● **What the task requires**:
All the lines below need retyping exactly, apart from the images.

● **Data shown**:
========================================

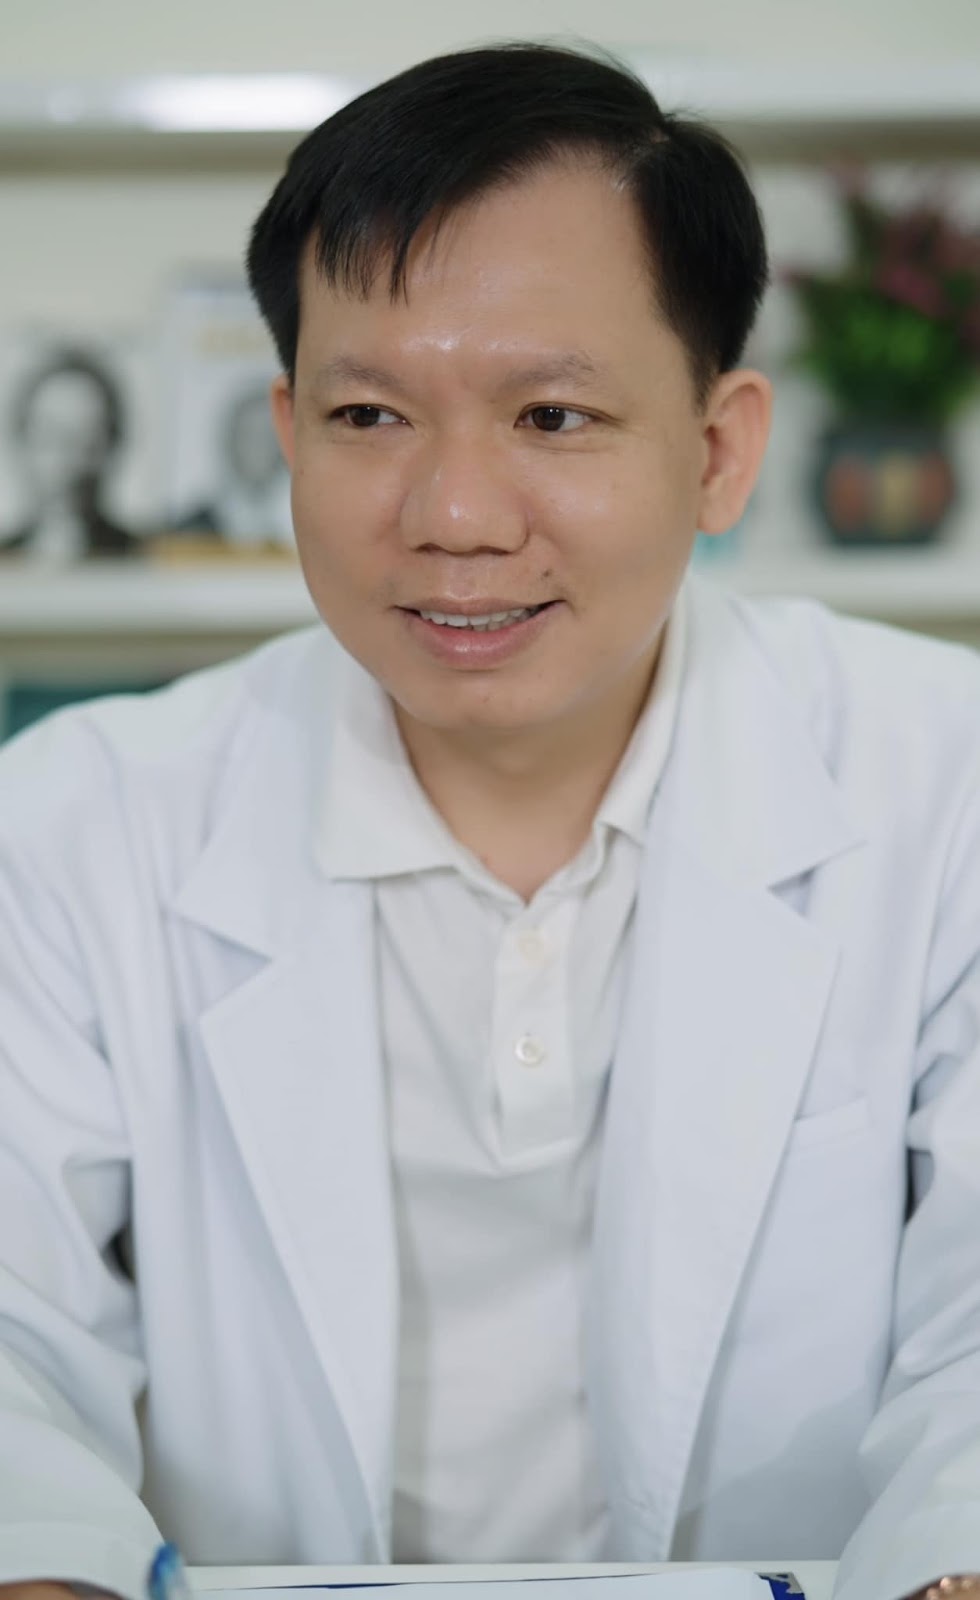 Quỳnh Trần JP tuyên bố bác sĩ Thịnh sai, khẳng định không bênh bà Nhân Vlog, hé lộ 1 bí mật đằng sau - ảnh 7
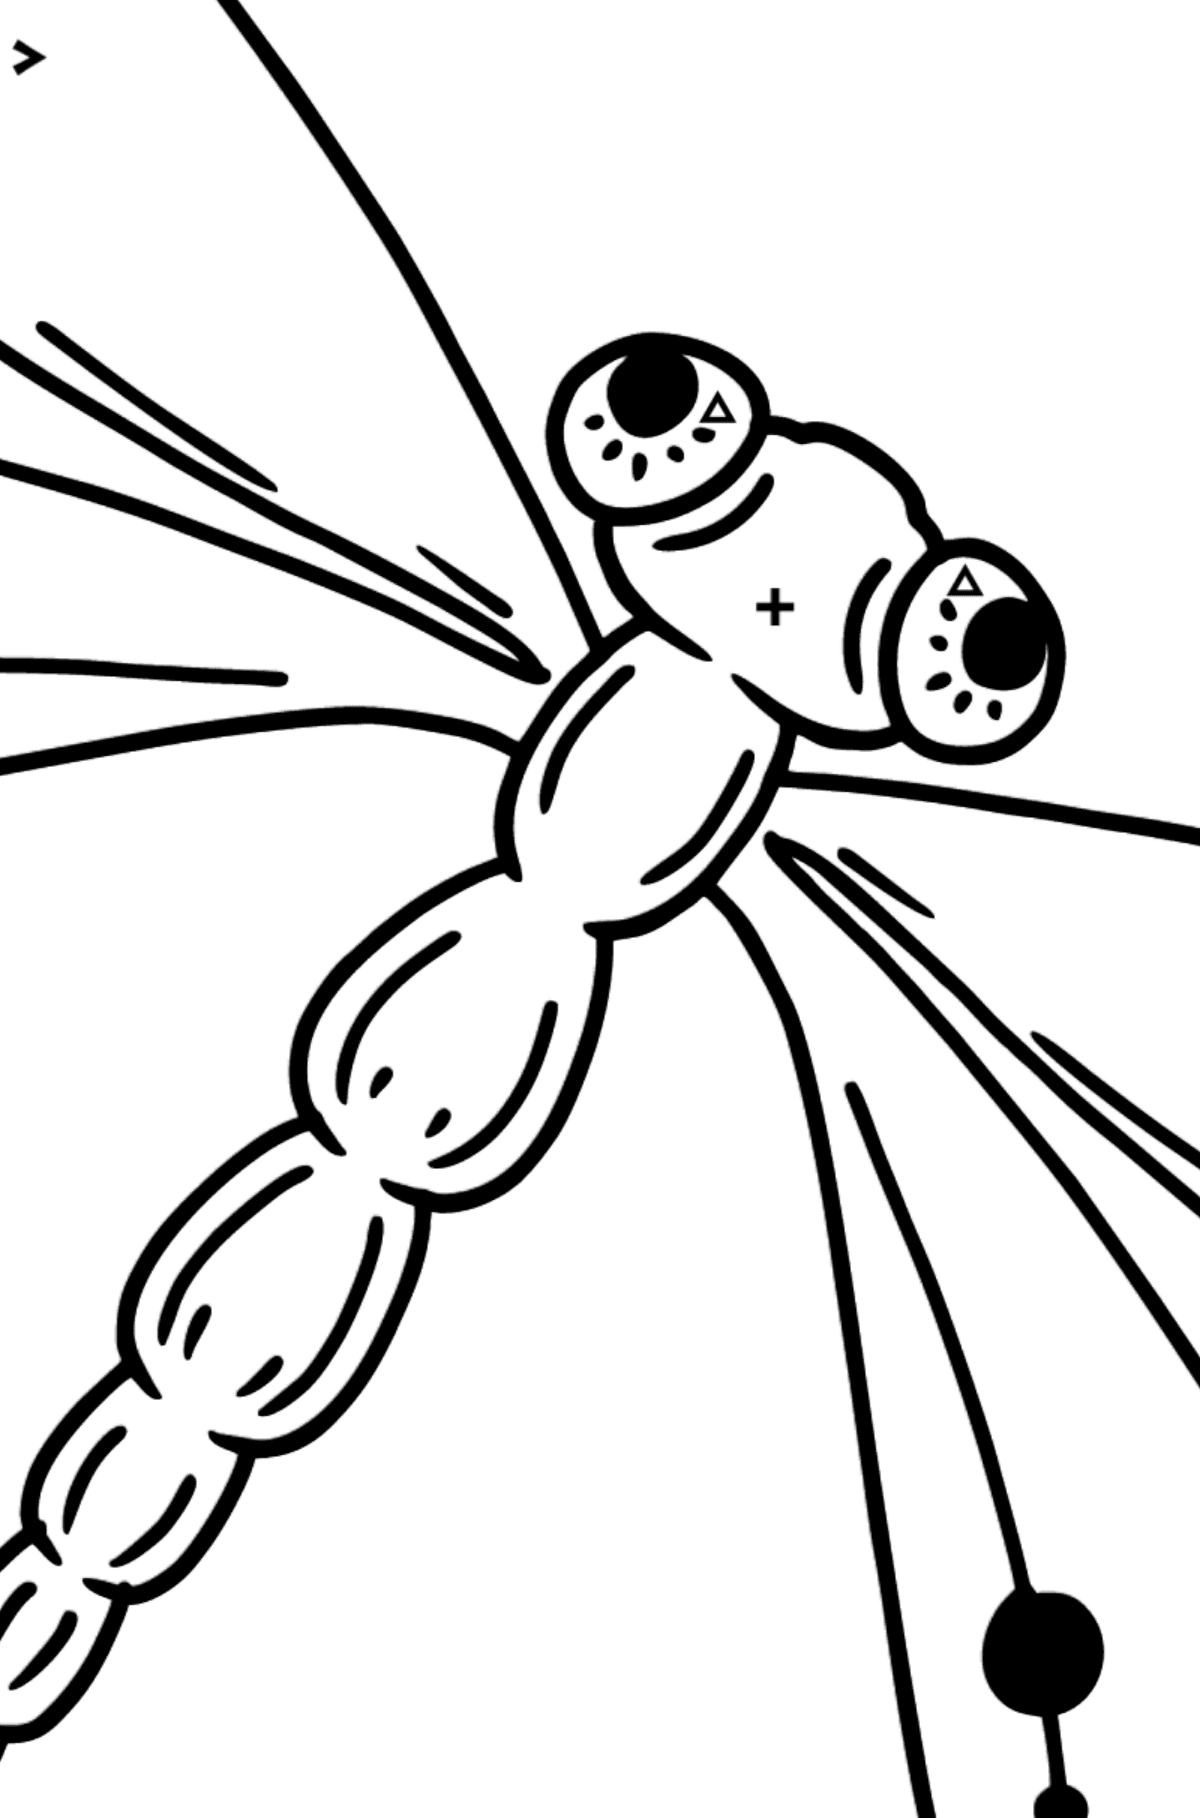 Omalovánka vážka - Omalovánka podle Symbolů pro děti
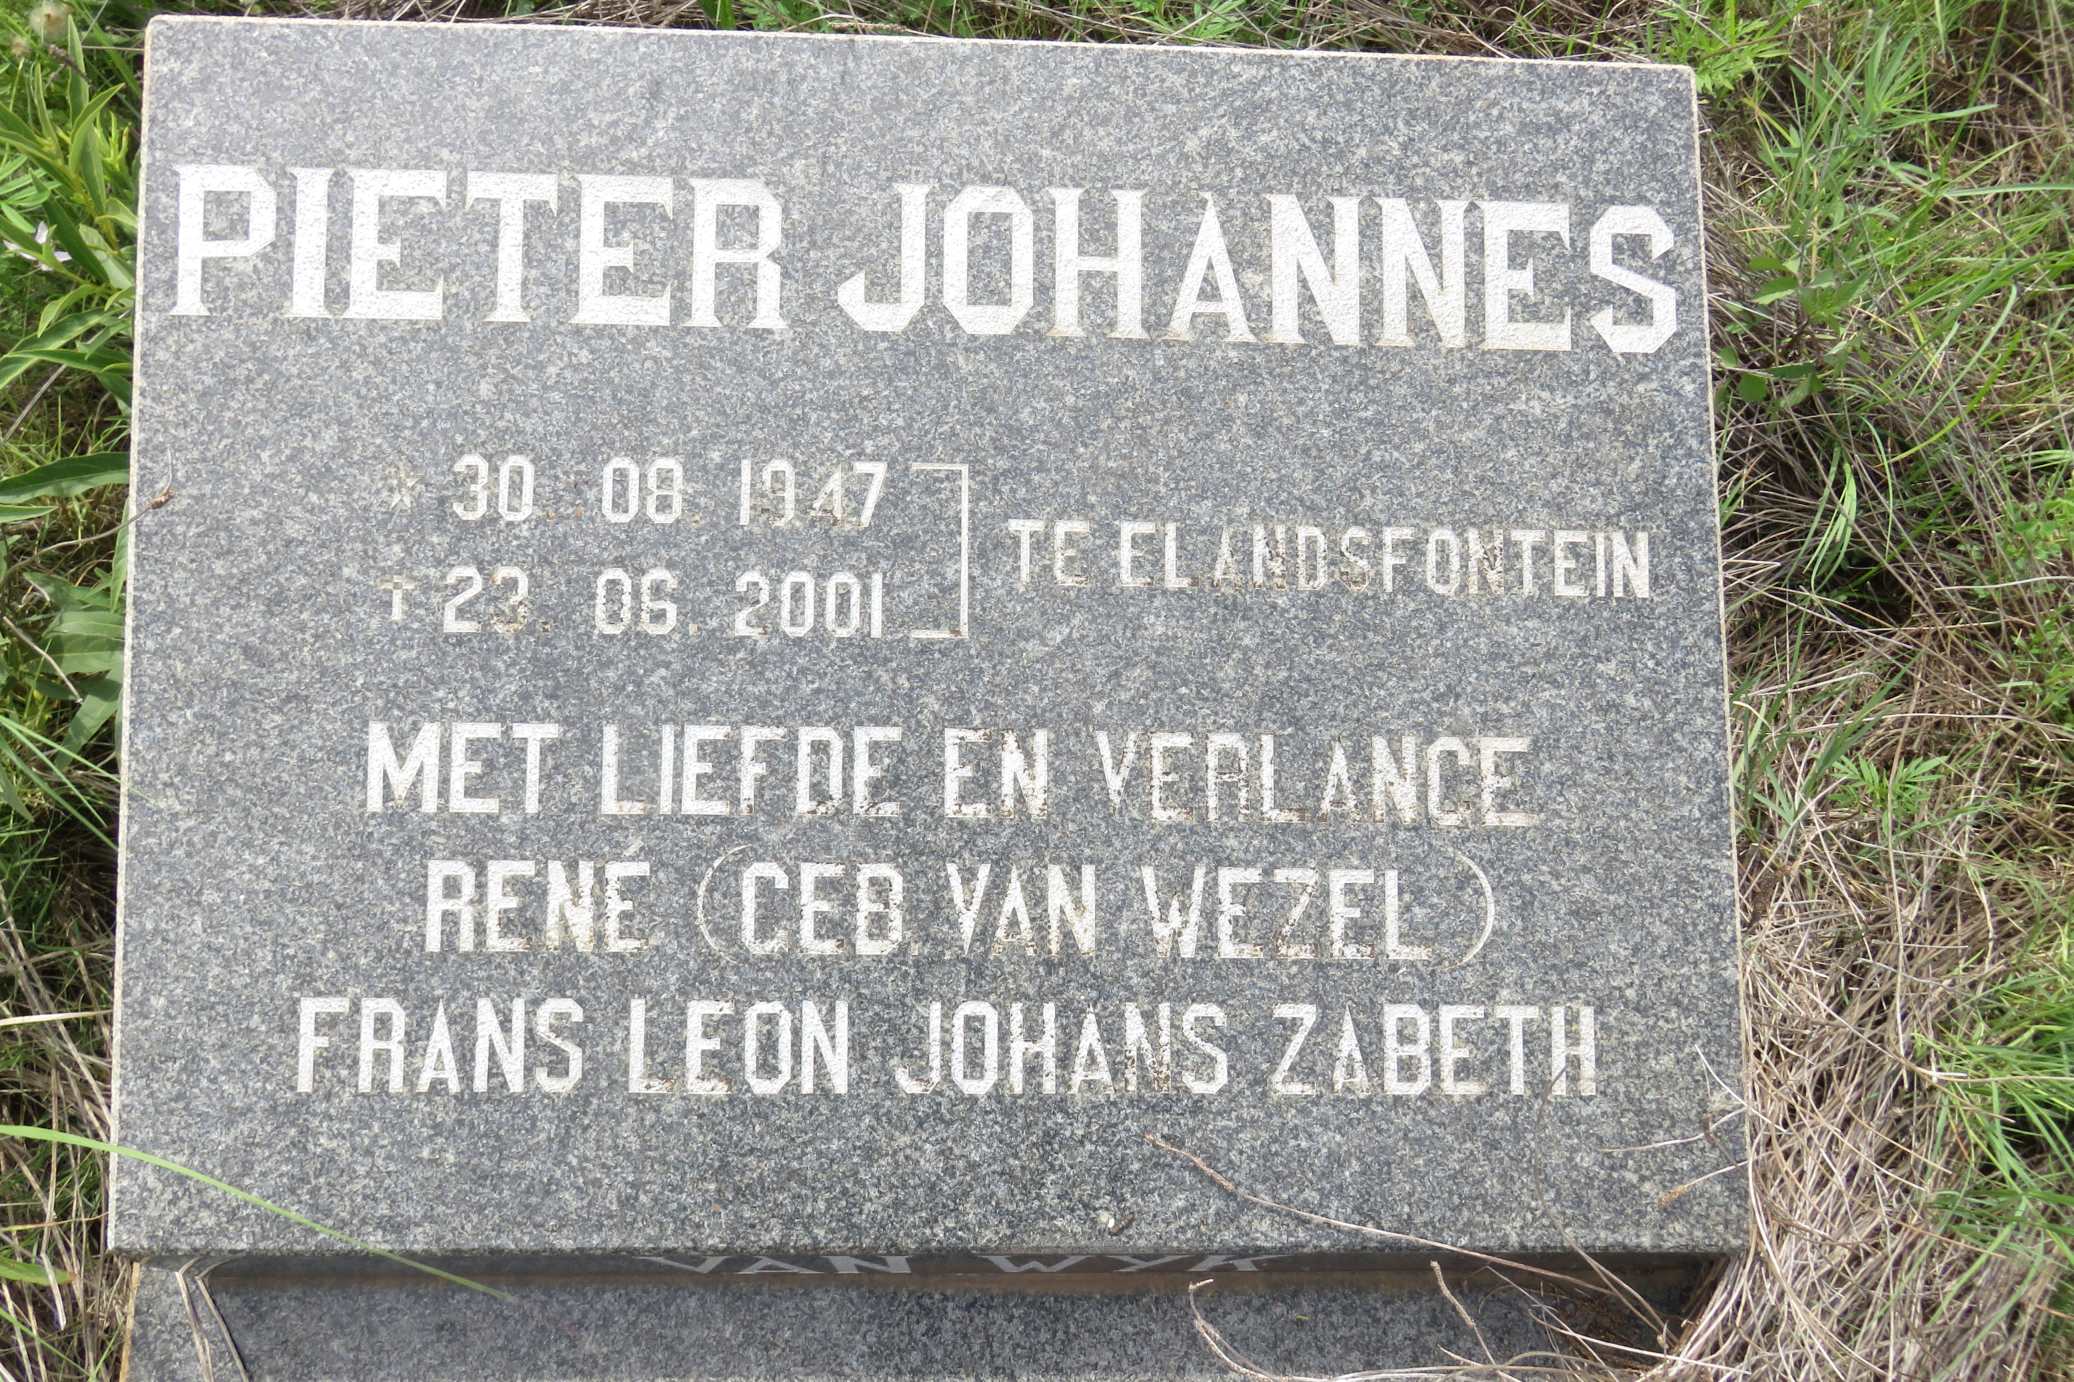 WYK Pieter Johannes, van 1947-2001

========================================

● **Written solution**:
 Quỳnh Trần JP tuyên bố bác sĩ Thịnh sai, khẳng định không bênh bà Nhân Vlog, hé lộ 1 bí mật đằng sau - ảnh 7
 Omalovánka vážka - Omalovánka podle Symbolů pro děti
 WYK Pieter Johannes, van 1947-2001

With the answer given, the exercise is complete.